Y lo cierto es que en todo el proceso hay manifiesto fallos por parte de los Servicios Sociales de Asturias y del propio ordenamiento de justicia. El primero fue constatado ayer por el Tribunal Superior de Justicia asturiano, quien puso sobre la mesa la principal razón de que la Audiencia tumbara el régimen de preadopción al que dio luz verde una sentencia inicial de un juzgado de primera instancia de Oviedo. Este juez dijo que no era necesario el consentimiento de la madre biológica al proceso «al estar incursa en causa de privación de patria potestad», pero la Audiencia estimó entonces que dicha causa no existía. Por ello, el acogimiento quedó inmediatamente anulado, al no existir una de las condiciones que se dan en la práctica totalidad de estos casos.
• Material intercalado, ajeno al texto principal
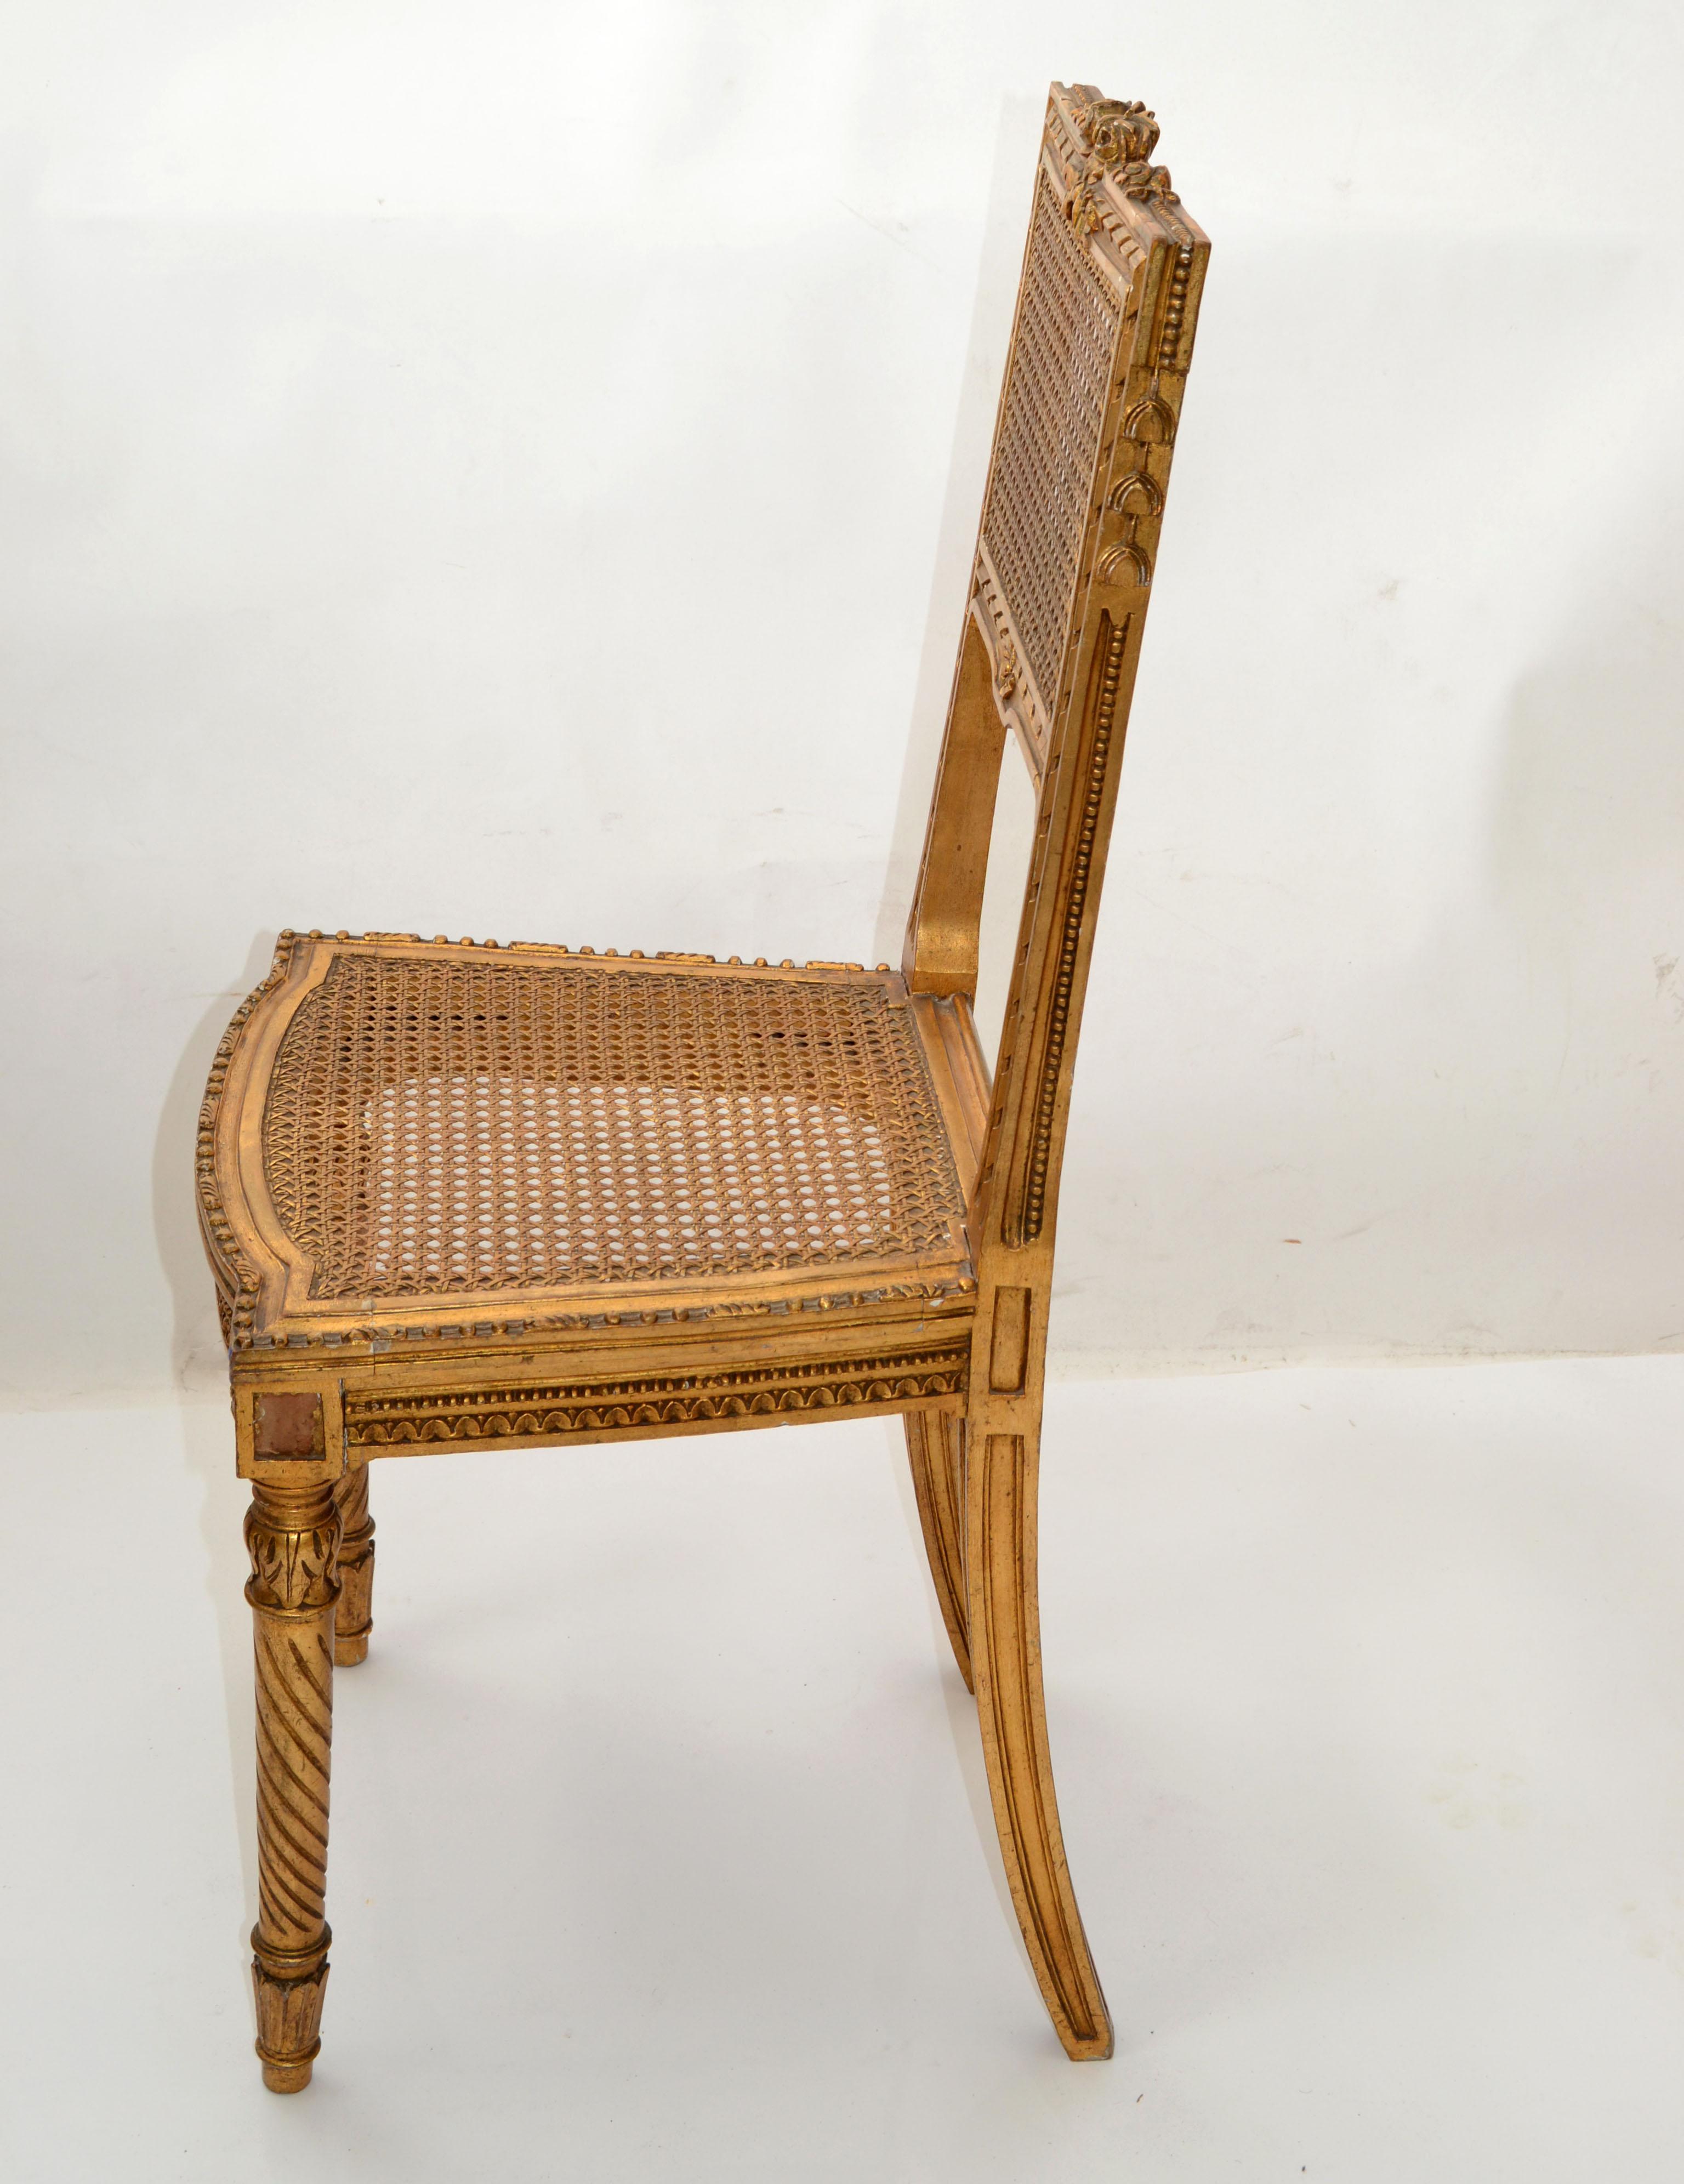 Wir bieten einen handgeschnitzten und handgeflochtenen Eitelkeitsstuhl, einen Beistellstuhl aus vergoldetem Holz mit gedrechselten Vorderbeinen und geschnitzten Hinterbeinen, handgeflochtenem Rohrsitz, Rückenlehne und geschnitzten Rosen und

Pero hay otra irregularidad. La ley fija un máximo de un año como tiempo durante el que se puede prolongar un acogimiento preadoptivo. Dentro de ese plazo, la situación debe volverse definitiva (iniciar la adopción) o revertirla para regresar con su familia biológica. En el caso de Joan, la situación se ha dilatado casi tres años, muy por encima del tope legal. «Y el niño convertido en un yoyó», lamenta Alberto.

Renuncia a otra adopción

El matrimonio se refugia en casa de unos familiares en Cullera. «Imposible volver a casa con tantos juguetes y recuerdos del nene por ahí, ni me imagino el vacío que podemos sentir». Ayer la vivienda era casi un centro de prensa, tomada por infinidad de cámaras de televisión y unidades móviles. Ni él ha podido aún regresar a sus obligaciones como empleado de la factoría Ford ni ella a su trabajo como autónoma con viajes organizados. «No sé ni cómo voy a retomar mi vida sin Joan», musita Noelia.

El padre insiste en que iniciaron el proceso como «familia de acogimiento preadoptivo, no como un acogimiento temporal. Si no, ¿cómo íbamos a renunciar a la adopción en China?», argumenta en referencia a la adopción de un niño oriental que la pareja tenía muy avanzada. Alberto aún lamenta la forma en que tuvo que separase de su hijo. «Lo dejamos en las dependencias de la Guardia Civil haciendo un dibujito. Esa es mi última imagen. Es inhumano».

La sentencia de la Audiencia de Oviedo toma la decisión de que el menor vuelva con su madre basándose sobre todo en tres psicólogos que afirman que María José «no presenta ninguna deficiencia para el ejercicio de una maternidad responsable». Antes, otros expertos señalaron su «descontrol absoluto en el centro, fugas y desprecio hacia el personal educador». Una contradicción tras otra y muchas víctimas.